--- Source material Enclosed Below ---
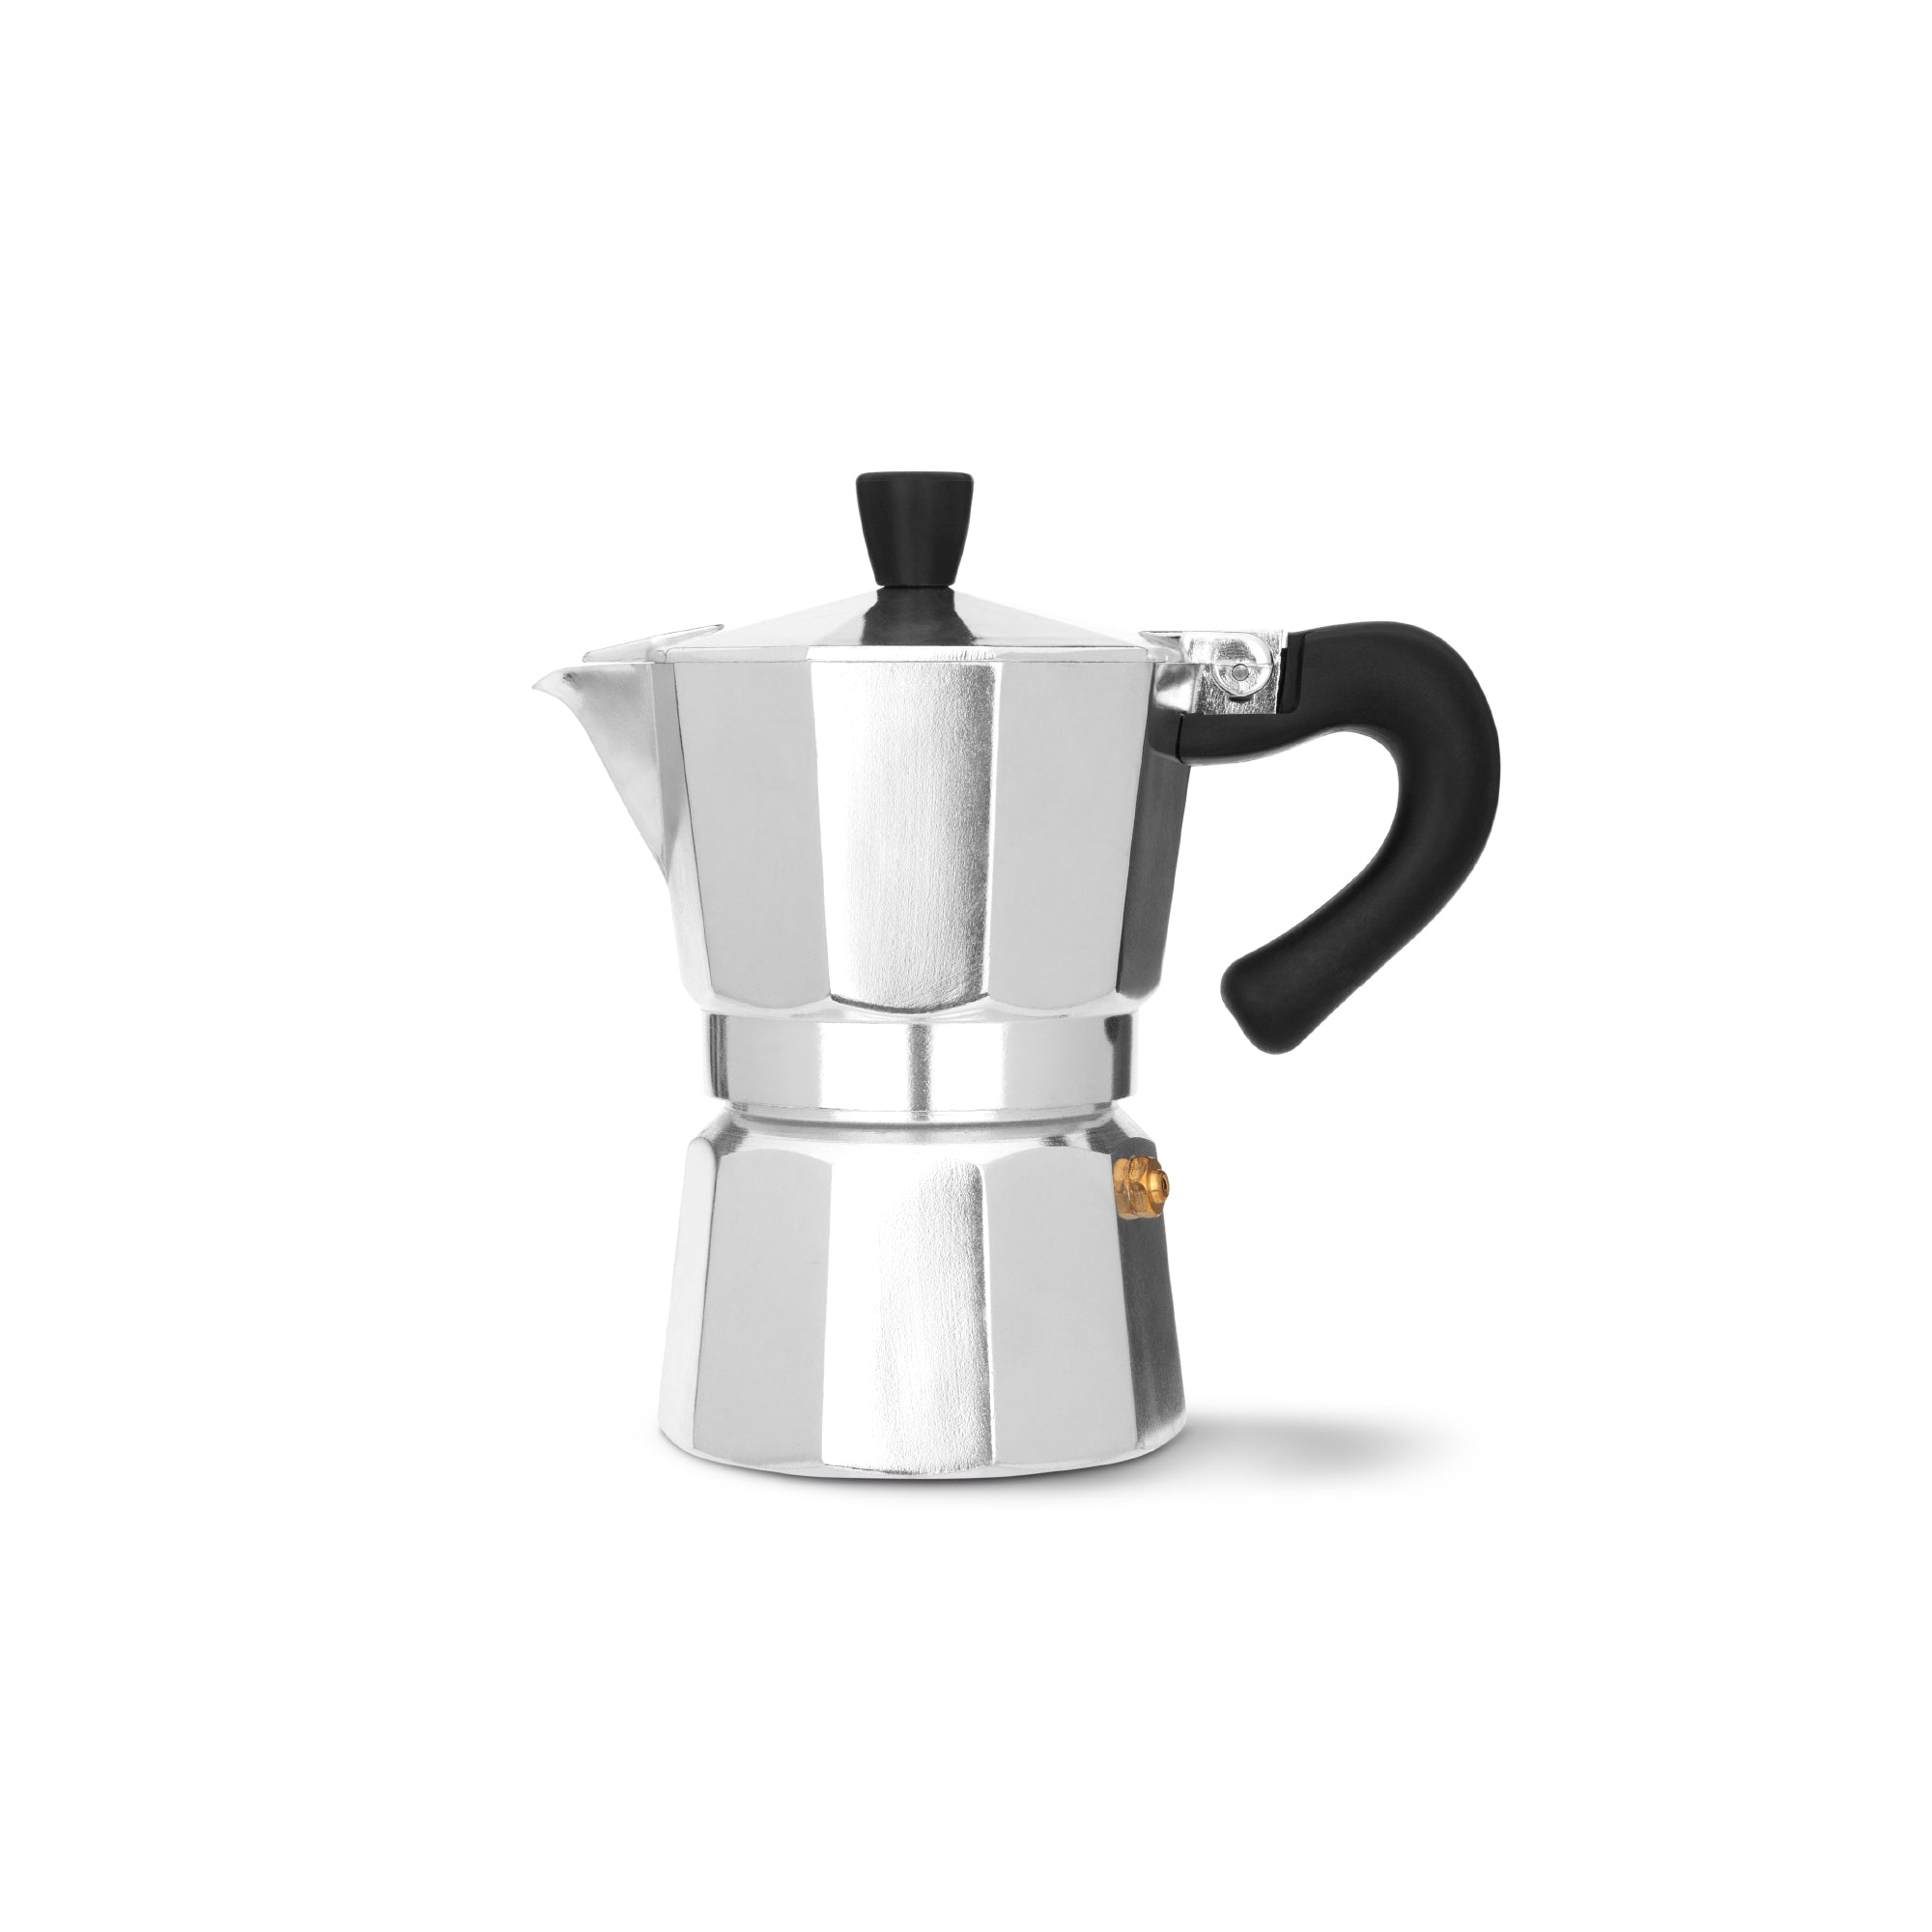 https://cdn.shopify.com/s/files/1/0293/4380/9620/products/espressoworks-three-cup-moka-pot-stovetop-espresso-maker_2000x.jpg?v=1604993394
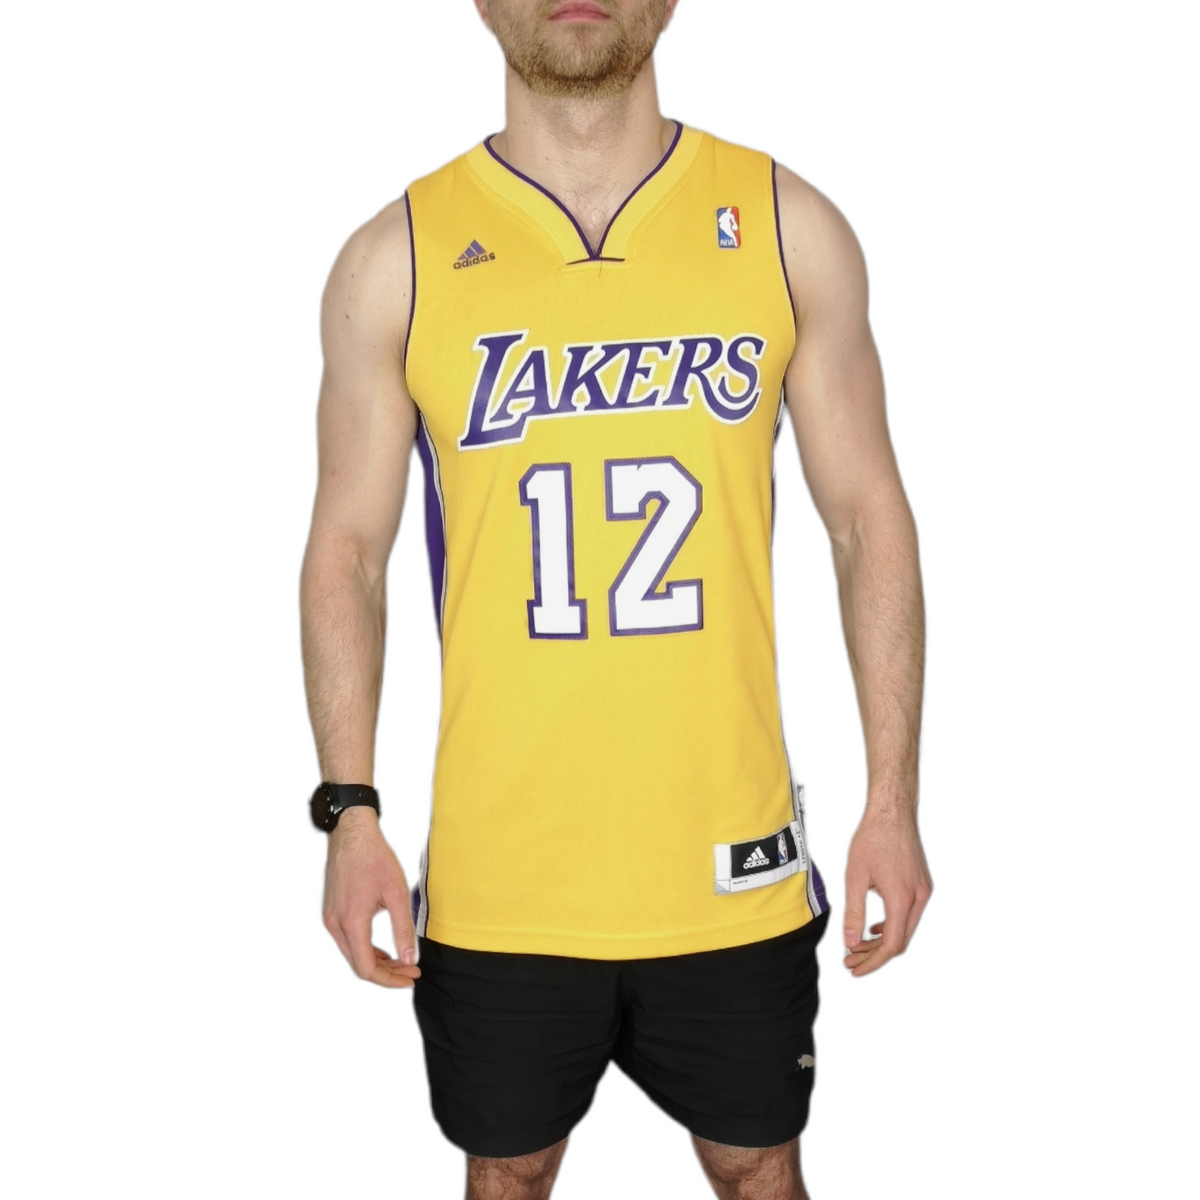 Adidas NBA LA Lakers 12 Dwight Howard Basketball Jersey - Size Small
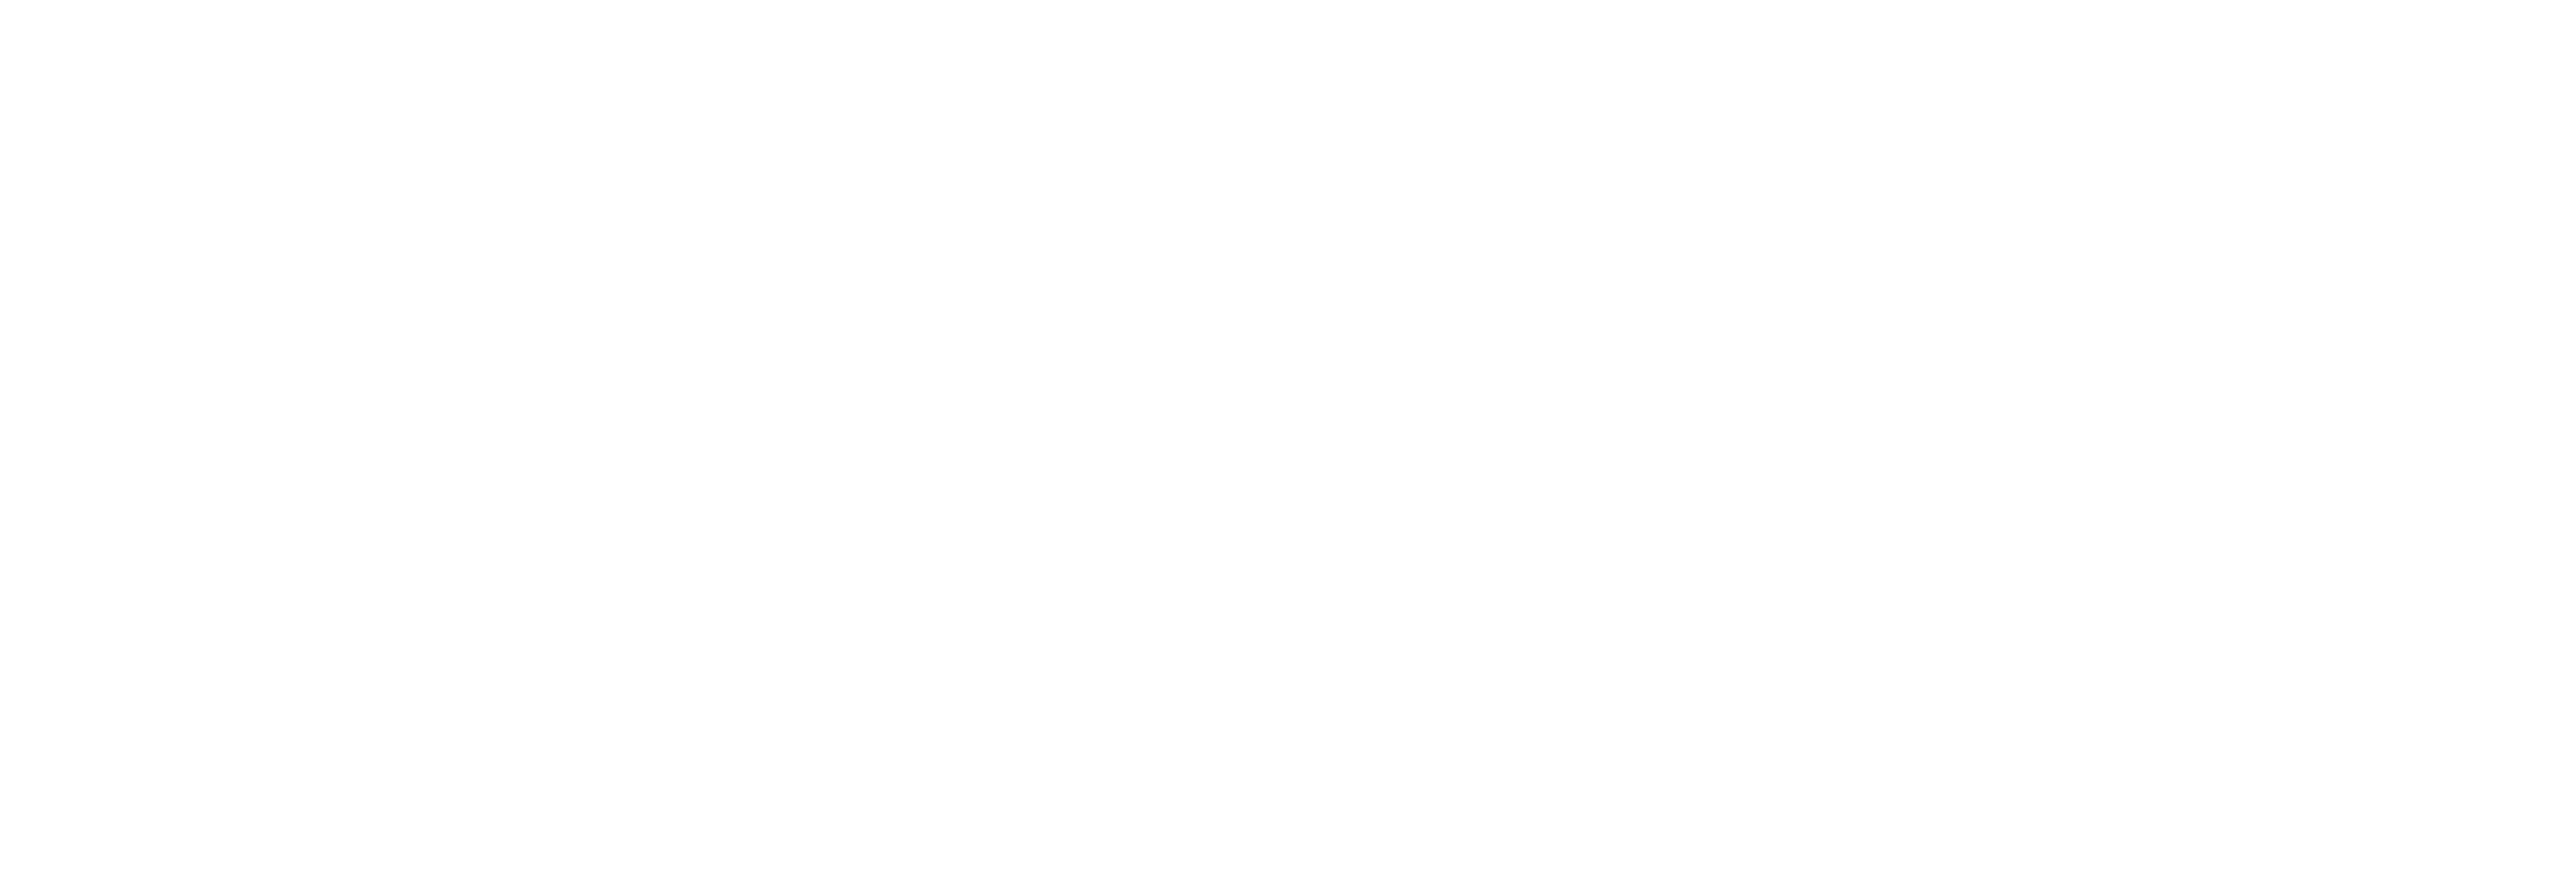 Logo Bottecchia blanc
--- End of Enclosed Source material ---
Repeat the data exactly in full, omitting its pictures.

 https://cdn.shopify.com/s/files/1/0293/4380/9620/products/espressoworks-three-cup-moka-pot-stovetop-espresso-maker_2000x.jpg?v=1604993394
 Adidas NBA LA Lakers 12 Dwight Howard Basketball Jersey - Size Small
 Logo Bottecchia blanc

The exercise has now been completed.